记忆长期积累会出现冗余、矛盾、过时内容,需要定期整理,这一机制被称为 Dream

  • 教学简化版:记忆文件数 ≥ 10 时触发
  • 源码生产版:四层门控严格控制触发频率
    1. 时间门控:距上次合并 ≥ 24 小时
    2. 扫描节流:限制文件系统扫描频率
    3. 会话门控:上次合并后 ≥ 5 个会话产生修改
    4. 锁门控:文件锁保证多进程并发安全,1 小时自动过期防死锁

五、关键设计决策解析

1. 为什么用 LLM 选记忆,而不是 Embedding 向量召回?

记忆量级控制在 200 条以内时,LLM 直接选择有明显优势:

  • 语义理解更精准,能判断真实相关性,避免字面相似但语义无关的误召回
  • 无需额外维护向量数据库,架构更轻量
  • 直接返回文件名,链路简单,调试成本低

2. 为什么写入全部异步执行?

记忆提取和整理都放在对话结束后异步执行,核心原因:

  • 不阻塞主对话流程,用户无感知延迟
  • 对话完整后提取信息更准确,避免碎片化提取导致的冗余
  • 整理操作耗时较长,异步执行不会影响正常交互

3. 为什么用文件系统存储?

  • 零依赖,无需额外部署数据库
  • 文件可直接查看、编辑,符合开发者的使用习惯
  • 项目级隔离,不同项目的记忆完全独立存储

六、长期记忆 vs 会话记忆

注意区分两个容易混淆的记忆概念,二者是互补关系而非替代:

长期记忆(User Memory)

会话记忆(Session Memory)

持久性

跨会话永久保留

仅当前会话有效

存储位置

.memory/ 下多文件

session-memory/<id>/memory.md

核心作用

沉淀长期稳定的知识与偏好

保证上下文压缩后对话连续,其实就是摘要

注入位置

System Prompt + 用户轮次

压缩摘要中

七:demo代码

#!/usr/bin/env python3
"""
s09_memory.py - 记忆系统

为编码代理提供持久化、跨会话的知识存储。

存储结构:
    .memory/
      MEMORY.md          ← 索引文件(每行一个记忆条目,≤200行)
      feedback_tabs.md    ← 单个记忆文件(Markdown + YAML frontmatter)
      user_profile.md
      project_facts.md

在agent_loop中的流程:
    1. 将MEMORY.md索引加载到SYSTEM提示中(成本低,始终存在)
    2. 通过文件名/描述选择相关记忆 → 注入内容
    3. 运行s08的压缩管道
    4. 每轮结束后 → 从原始消息中提取新记忆
    5. 定期整合(Dream)

基于s08(上下文压缩)构建。使用方法:

    python s09_memory/code.py
    需要:pip install openai python-dotenv + 在.env中设置OPENAI_API_KEY
"""

import os, subprocess, json, time, re
from pathlib import Path

try:
    import readline
    readline.parse_and_bind('set bind-tty-special-chars off')
except ImportError:
    pass

from openai import OpenAI
from dotenv import load_dotenv

load_dotenv(override=True)

WORKDIR = Path.cwd()
MEMORY_DIR = WORKDIR / ".memory"; MEMORY_DIR.mkdir(exist_ok=True)
MEMORY_INDEX = MEMORY_DIR / "MEMORY.md"
SKILLS_DIR = WORKDIR / "skills"
TRANSCRIPT_DIR = WORKDIR / ".transcripts"
TOOL_RESULTS_DIR = WORKDIR / ".task_outputs" / "tool-results"

# 阿里千问配置(OpenAI兼容API)
client = OpenAI(
    api_key=os.getenv("OPENAI_API_KEY"),
    base_url=os.getenv("OPENAI_BASE_URL", "https://dashscope.aliyuncs.com/compatible-mode/v1")
)
MODEL = os.getenv("MODEL_ID", "qwen-plus")

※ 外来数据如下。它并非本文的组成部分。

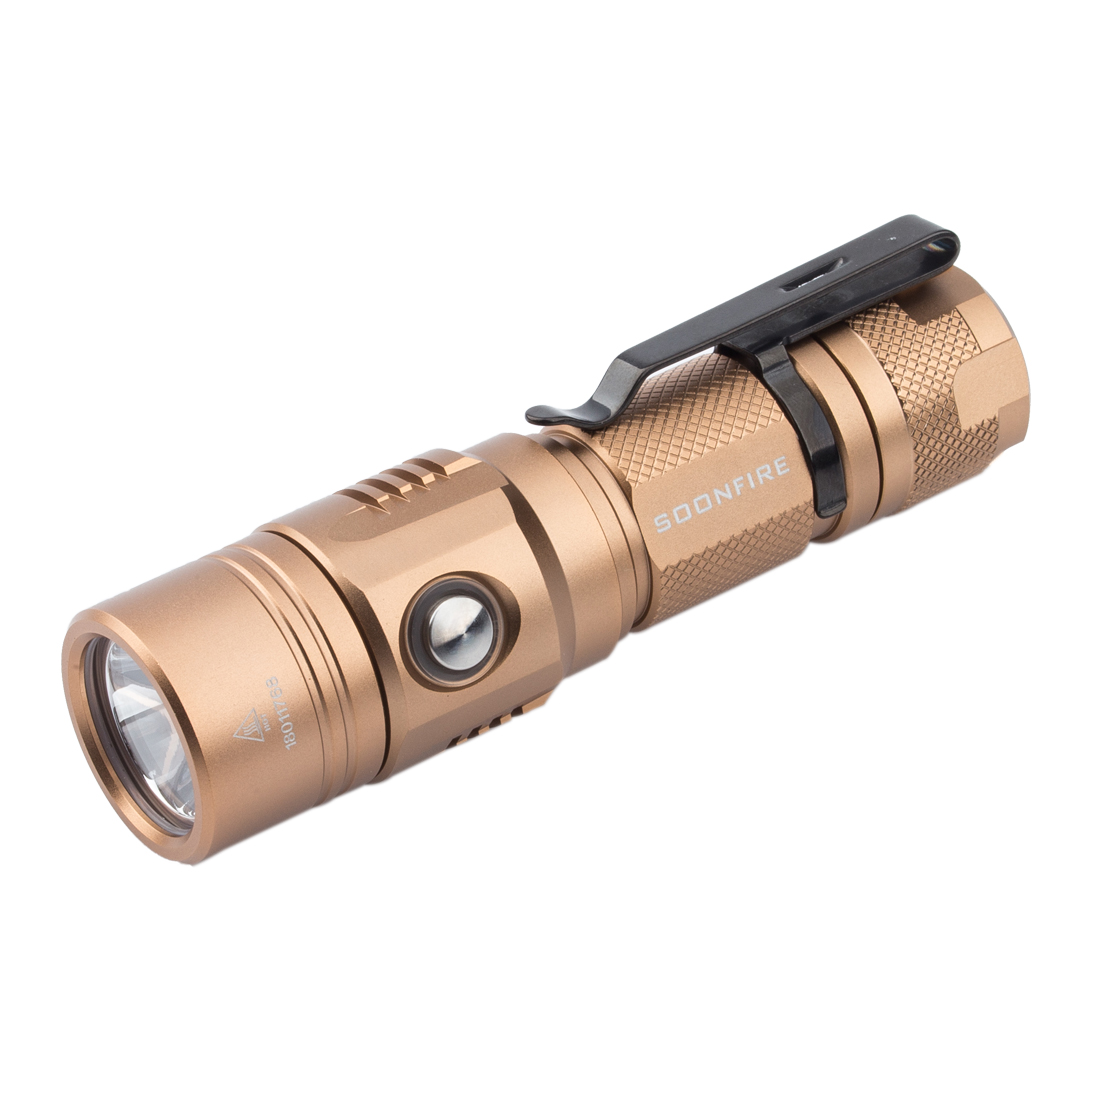 Soonfire E10 Super Bright Compact EDC Flashlight

# ═══════════════════════════════════════════════════════════
#  s09新增:记忆系统
# ═══════════════════════════════════════════════════════════

MEMORY_TYPES = ["user", "feedback", "project", "reference"]

def _parse_frontmatter(text: str) -> tuple[dict, str]:
    """解析YAML frontmatter"""
    if not text.startswith("---"):
        return {}, text
    parts = text.split("---", 2)
    if len(parts) < 3:
        return {}, text
    meta = {}
    for line in parts[1].strip().splitlines():
        if ":" in line:
            k, v = line.split(":", 1)
            meta[k.strip()] = v.strip().strip('"').strip("'")
    return meta, parts[2].strip()


def write_memory_file(name: str, mem_type: str, description: str, body: str):
    """写入单个记忆文件,包含YAML frontmatter"""
    slug = name.lower().replace(" ", "-").replace("/", "-")
    filename = f"{slug}.md"
    filepath = MEMORY_DIR / filename
    filepath.write_text(
        f"---\nname: {name}\ndescription: {description}\ntype: {mem_type}\n---\n\n{body}\n",
        encoding='utf-8'
    )
    _rebuild_index()
    return filepath


def _rebuild_index():
    """从所有记忆文件重建MEMORY.md索引"""
    lines = []
    for f in sorted(MEMORY_DIR.glob("*.md")):
        if f.name == "MEMORY.md":
            continue
        raw = f.read_text(encoding='utf-8')
        meta, body = _parse_frontmatter(raw)
        name = meta.get("name", f.stem)
        desc = meta.get("description", body.split("\n")[0][:80])
        lines.append(f"- [{name}]({f.name}) — {desc}")
    MEMORY_INDEX.write_text("\n".join(lines) + "\n" if lines else "", encoding='utf-8')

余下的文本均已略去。